The hormone measures were also significantly associated with a clinical diagnosis of depressive disorder, Dr. Freeman said. For example, on average, women with clinical depressive disorder were 9.33 times more likely to have higher FSH levels (P=.001) and 4.47 times more likely to have higher LH levels (P=.002) than before the diagnosis of depressive disorder, the researchers said.

“Transition to menopause and its changing hormonal milieu are strongly associated with both new onset of high depressive symptoms and new onset of diagnosed depressive disorders in women with no history of depression,” Dr. Freeman said. The results also indicated that other health and demographic factors, such as hot flashes, PMS, and smoking status, are also part of the multifactorial nature of depressive symptoms.

“Further follow-up study is needed to determine the extent to which the reports of depressed mood are limited to the perimenopausal period and to determine whether the identified risk factors are associated with more persistent depression,” she concluded.

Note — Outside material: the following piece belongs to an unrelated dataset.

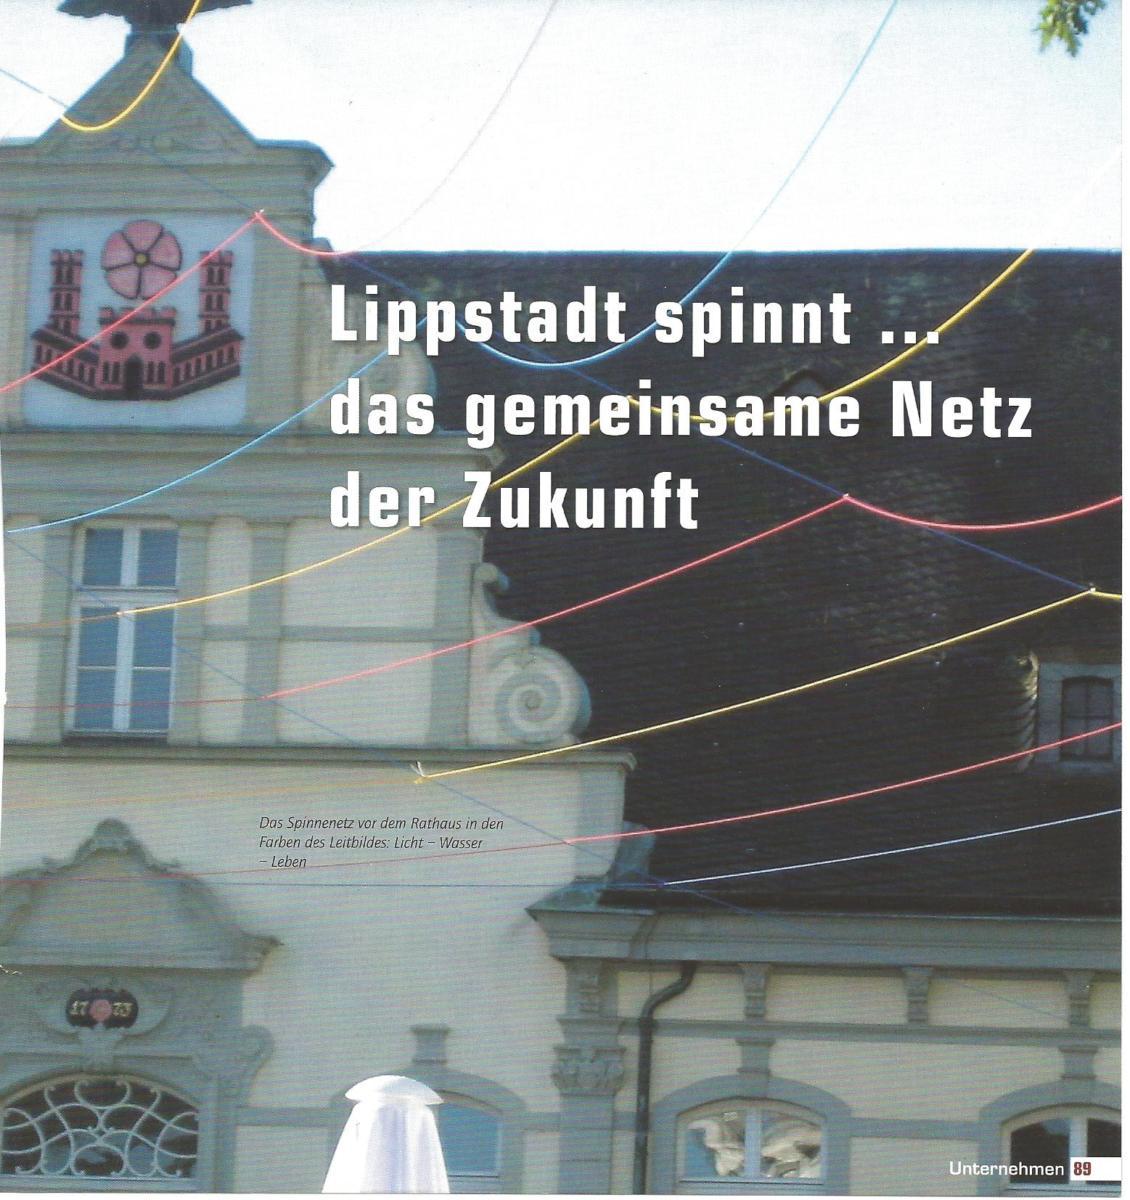 Lippstadt spinnt

In the same issue of the Archives of General Psychiatry, a six-year study of 460 women, ages 36 to 45, with no history of depression, also found that early transition to menopause may increase the risk of first-time depression.

Compared with 134 women who remained premenopausal, 326 women who entered menopausal transition earlier were twice as likely (adjusted OR 1.9 [95% CI 0.9-4.0]) to develop significant depressive symptoms, according to Lee Cohen, M.D., of Massachusetts General Hospital and colleagues of the Harvard Study of Moods and Cycle. This relationship, the researchers said, held even after adjustment for age at study enrollment and history of negative life events.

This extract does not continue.